Richardson Dilworth’s career as a politician was not immediately successful. He lost his first election in the 1947 race for mayor of Philadelphia to Republican incumbent Mayor Bernard Samuels. Philadelphia had been led by Republican mayors for more than six decades and many did not support Dilworth’s campaign platform, which criticized municipal corruption in an effort to strengthen the local government’s role in city planning. It would take years, as well as a series of scandals on the part of Republicans, for the city’s political atmosphere to change and for Philadelphians to be ready for reform.
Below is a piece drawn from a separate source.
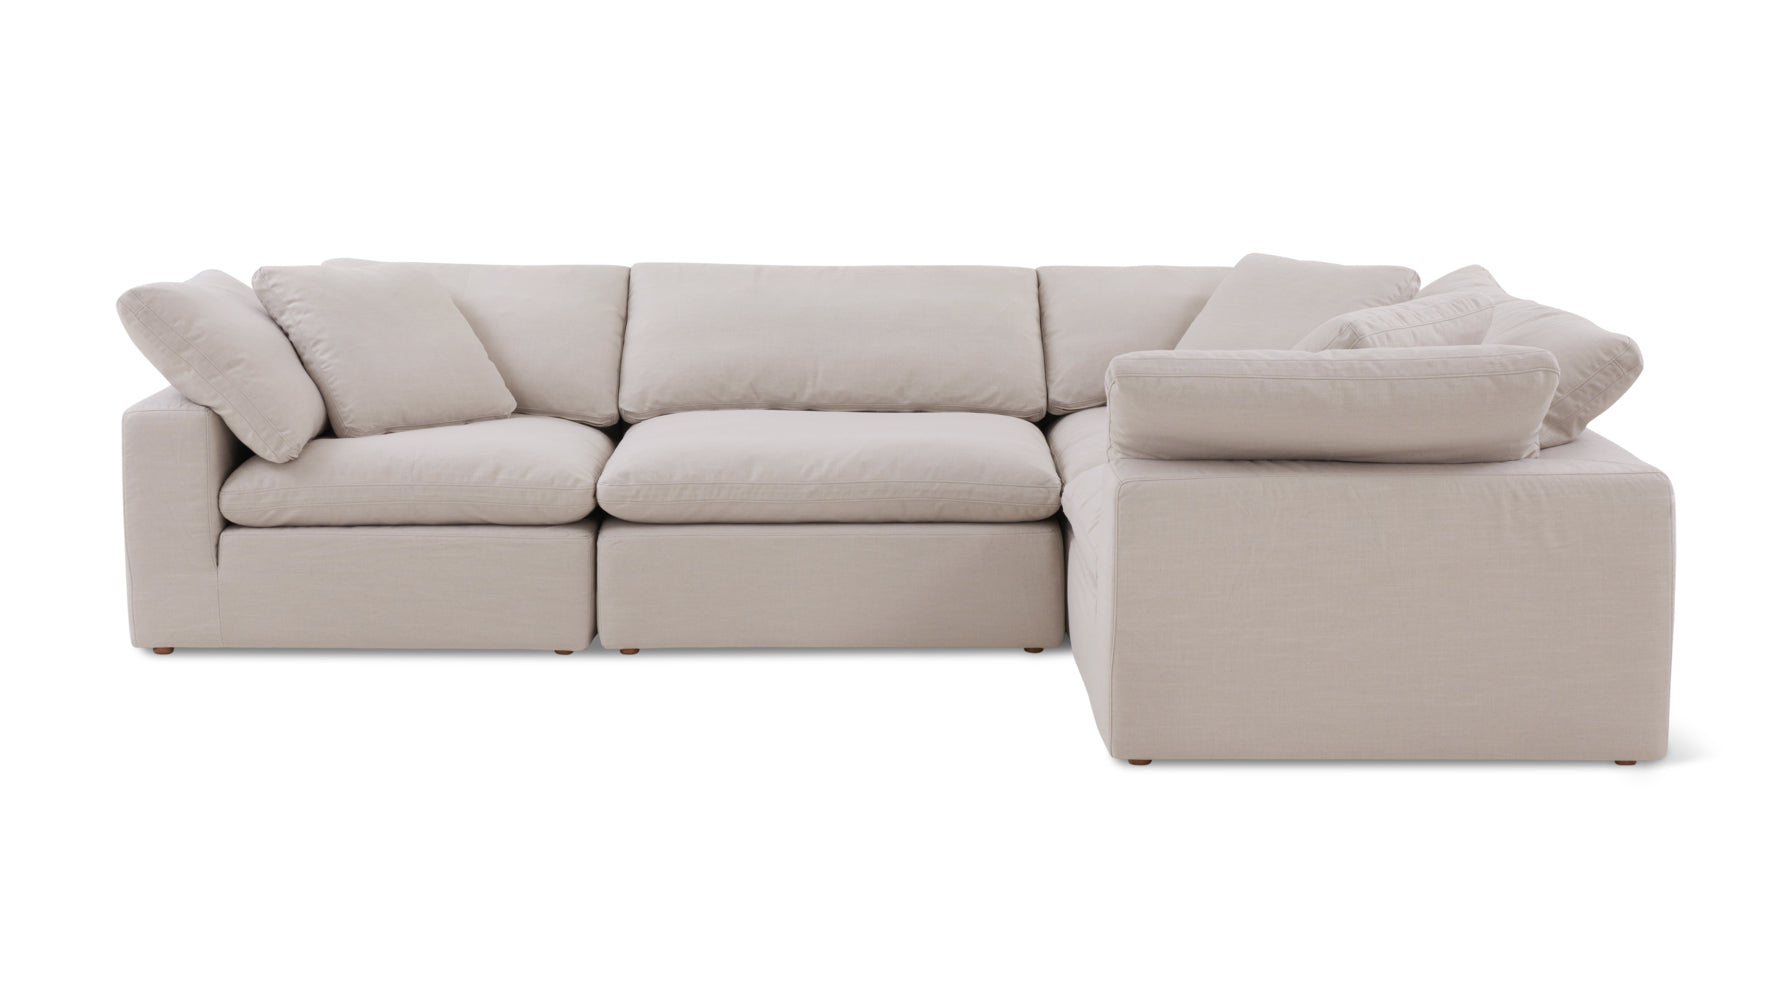 Movie Night™ 4-Piece Modular Sectional Closed, Standard, Clay - Image 1

In the 1947 mayoral race, Dilworth and Joseph Clark organized thousands of young and middle-aged professionals as campaign volunteers, fresh and energetic faces in electoral politics, to work the phones and canvass door-to-door. Dilworth campaigned and spoke across the city with the poise and self-confidence of a veteran trial lawyer. On October 24, 1947, he debated Republican Sheriff Meehan and attacked police corruption in the first televised political campaign in Philadelphia. Finally, political success came two years later when Dilworth was elected city treasurer, Clark was elected city controller, and Democrats won fifteen of the seventeen council seats. This election established a legacy of Democratic governance; the Republican Party has not held a majority in City Council since 1949. As city treasurer, he contributed to the draft of a new city charter that consolidated government offices and made official examinations mandatory for civil service employees. The next year, Dilworth ran for governor of Pennsylvania, but lost a close race to John Fine. After this election, Clark and Dilworth received the support of Americans for Democratic Action (ADA), a nationwide organization of liberal activists and reformers, which brought more attention and support to their campaigns.
In 1951, at the same time that Dilworth was elected district attorney, Clark was elected the first Democratic mayor of Philadelphia in 67 years. In 1955, Dilworth was elected mayor as Clark went to the U.S. Senate. Together, their administrations launched one of the largest urban renewal programs in the nation and ushered in an era and tradition of political reform in Philadelphia.